Взамен дал известность. О Колчаке заговорили как о серьезном исследователе – особенно после «экспедиции на остров Беннета, снаряженной Академией наук для поисков барона Толля» (таково было официальное название, данное плаванию вельбота с семью смельчаками). Экспедиция была оценена высоко – как «необыкновенный и важный географический подвиг, совершение которого было сопряжено с трудом и опасностью». Колчаку была вручена высшая награда Императорского географического общества – Большая Константиновская золотая медаль. [49]
Практически Колчак очень близко подошел к одной чрезвычайно важной для России проблеме – открытию Северного морского пути.
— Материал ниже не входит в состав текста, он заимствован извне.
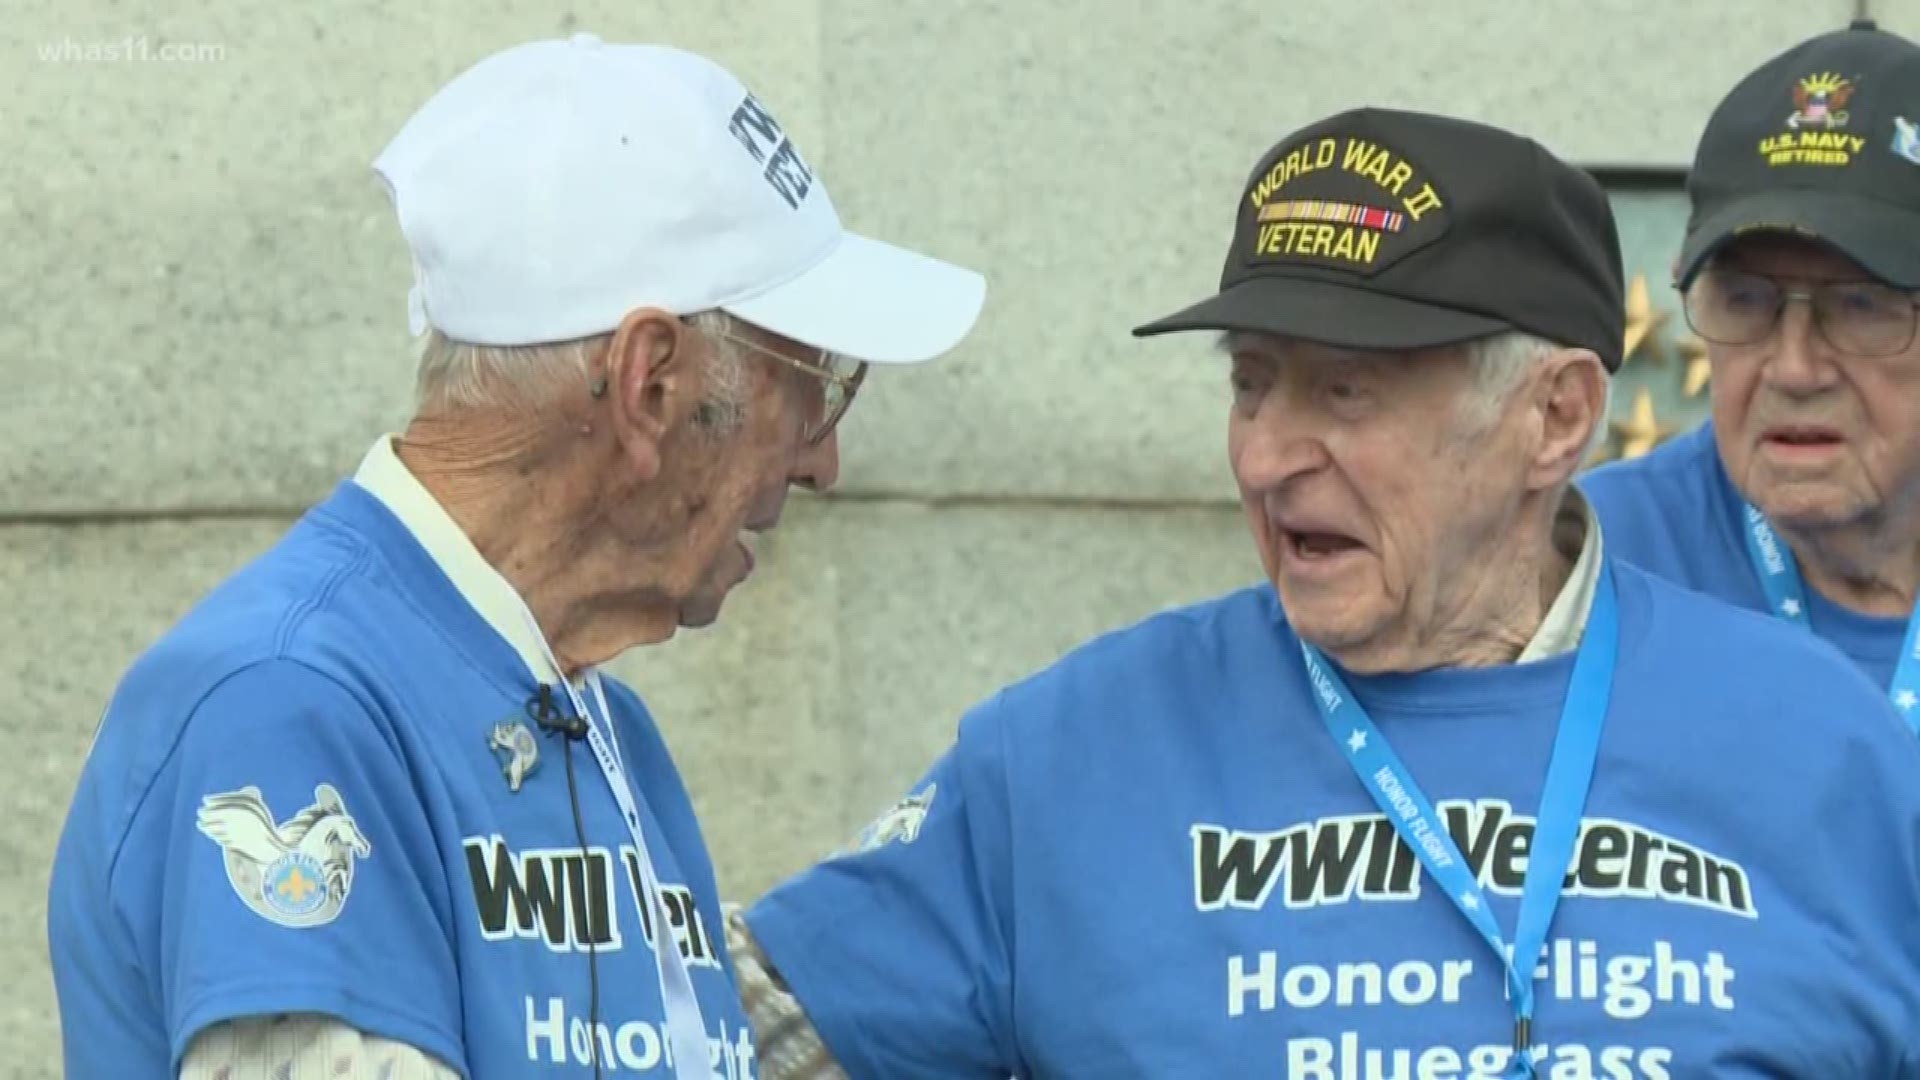 Honor Flight Bluegrass announced a week of appreciation to honor WWII veterans next summer.
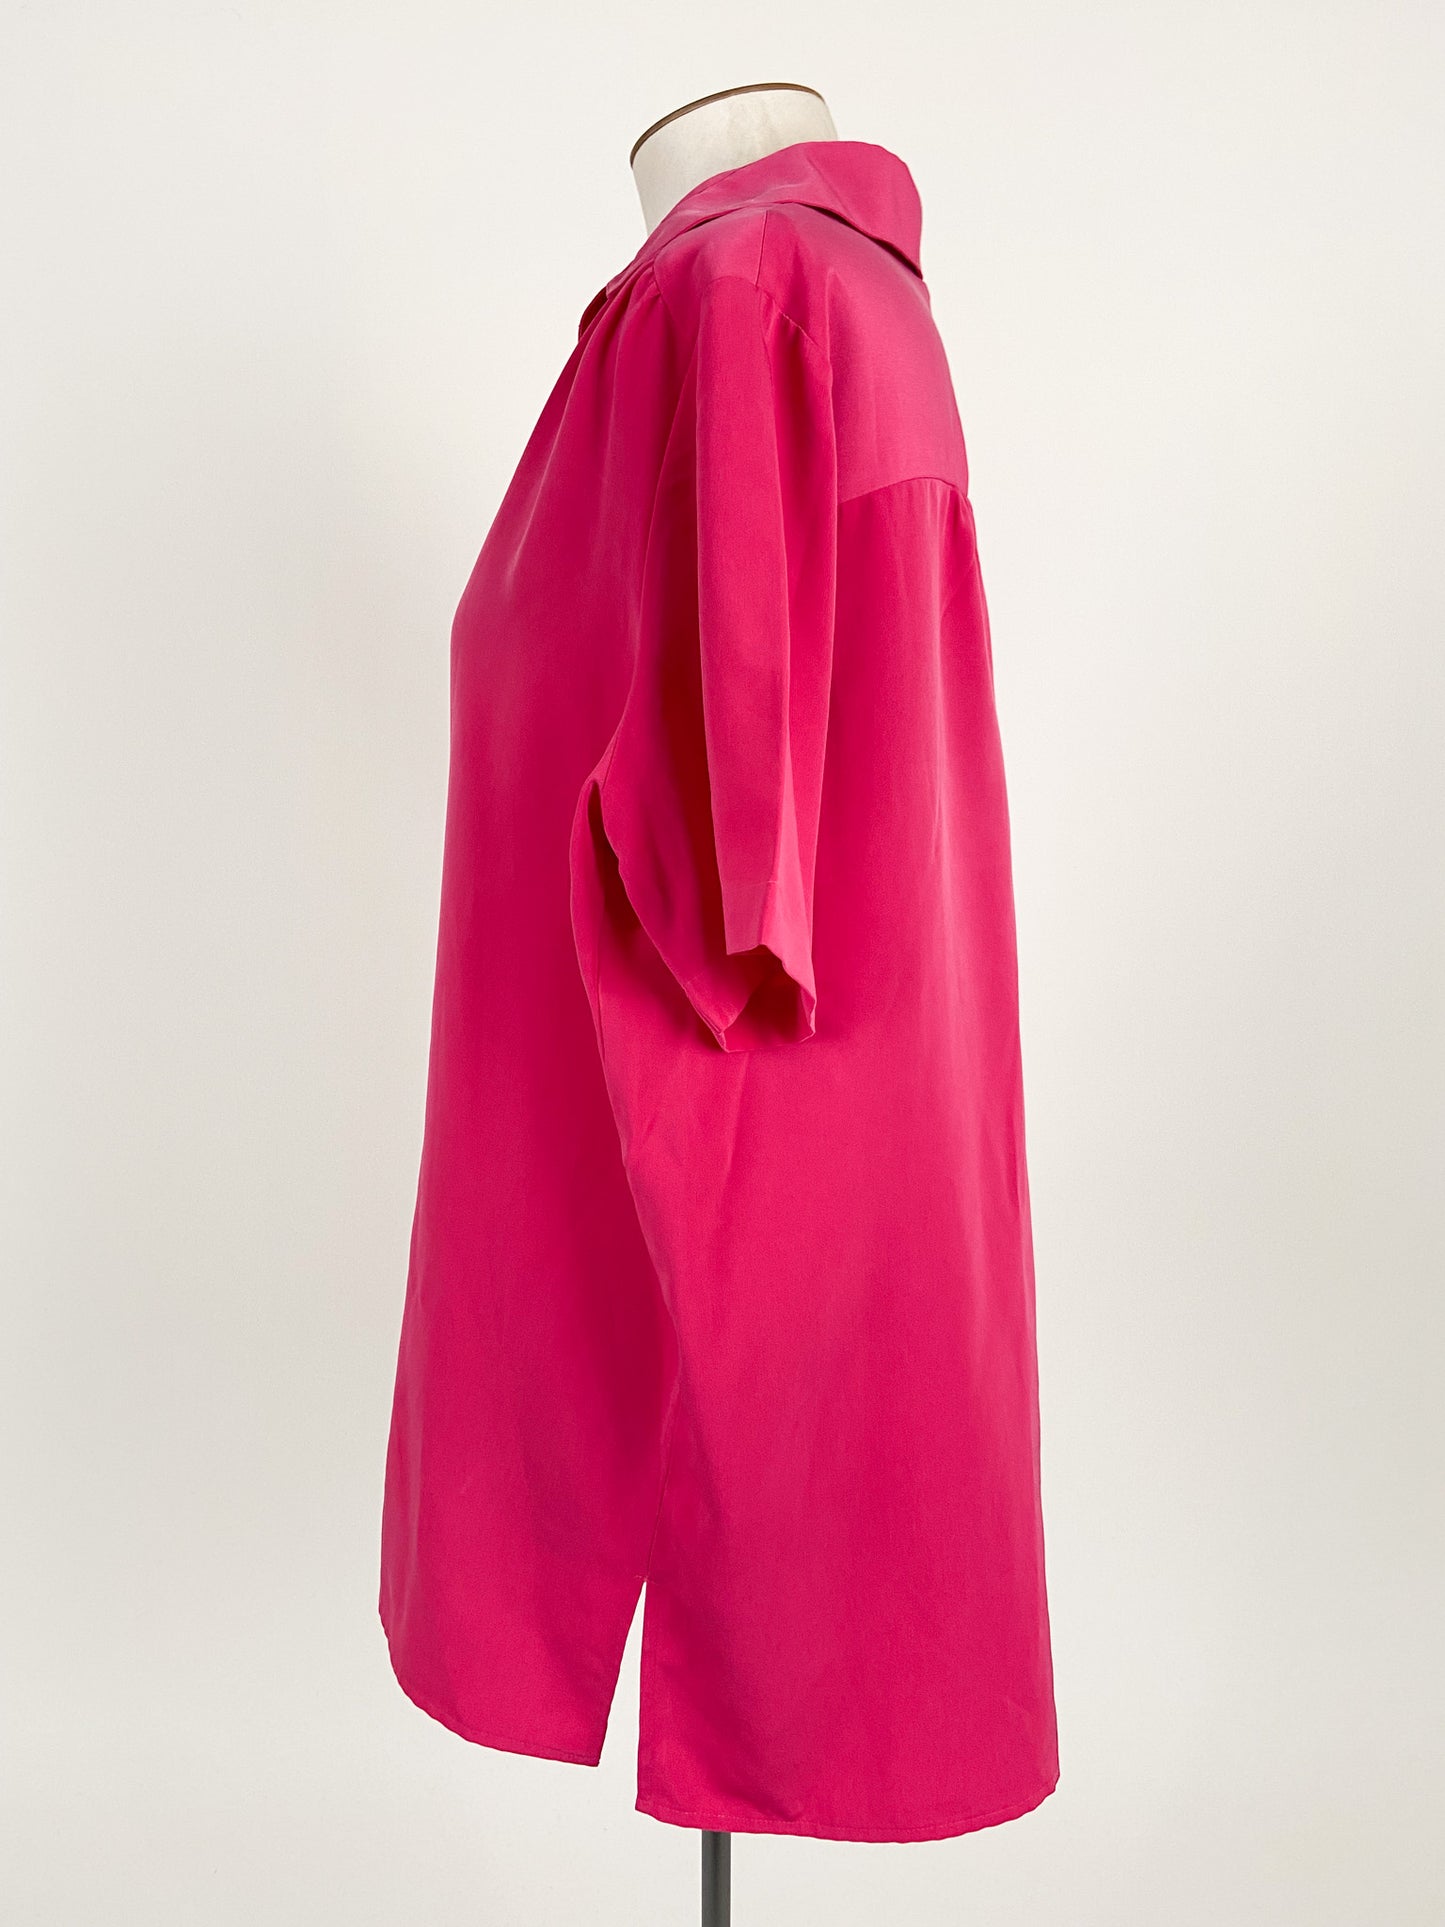 Sue Brett | Pink Casual/Workwear Top | Size L

Суда на Севере в ту пору, конечно же, ходили, но эти плавания были каботажные; [50]широкого караванного пути, как сейчас, не было, караванный путь из Мурманска во Владивосток проходил вокруг земного шара, через многие моря и океаны и занимал несколько месяцев... Колчак хорошо понимал, что значило для России открытие такого пути.
Он уже начал работать над монографией «Лед Карского и Сибирского морей», [51]она была опубликована через несколько лет после Русско-японской войны, в 1909 году. В послесловии он написал: «Основанием для этого исследования послужили наблюдения над льдом в Карском и Сибирском морях, а также в районе Ледовитого океана, расположенном к северу от Новосибирских островов, произведенные Русской полярной экспедицией в течение 1900, 1901 и 1903 гг.». Колчак издал также четыре северные карты, перевел на русский книгу датского физика и океанографа Кнудсена [52]«Таблицы точек замерзания морской воды». Все это было очень важно для строительства будущего ледокольного флота, для освоения Северного морского пути, вообще для России...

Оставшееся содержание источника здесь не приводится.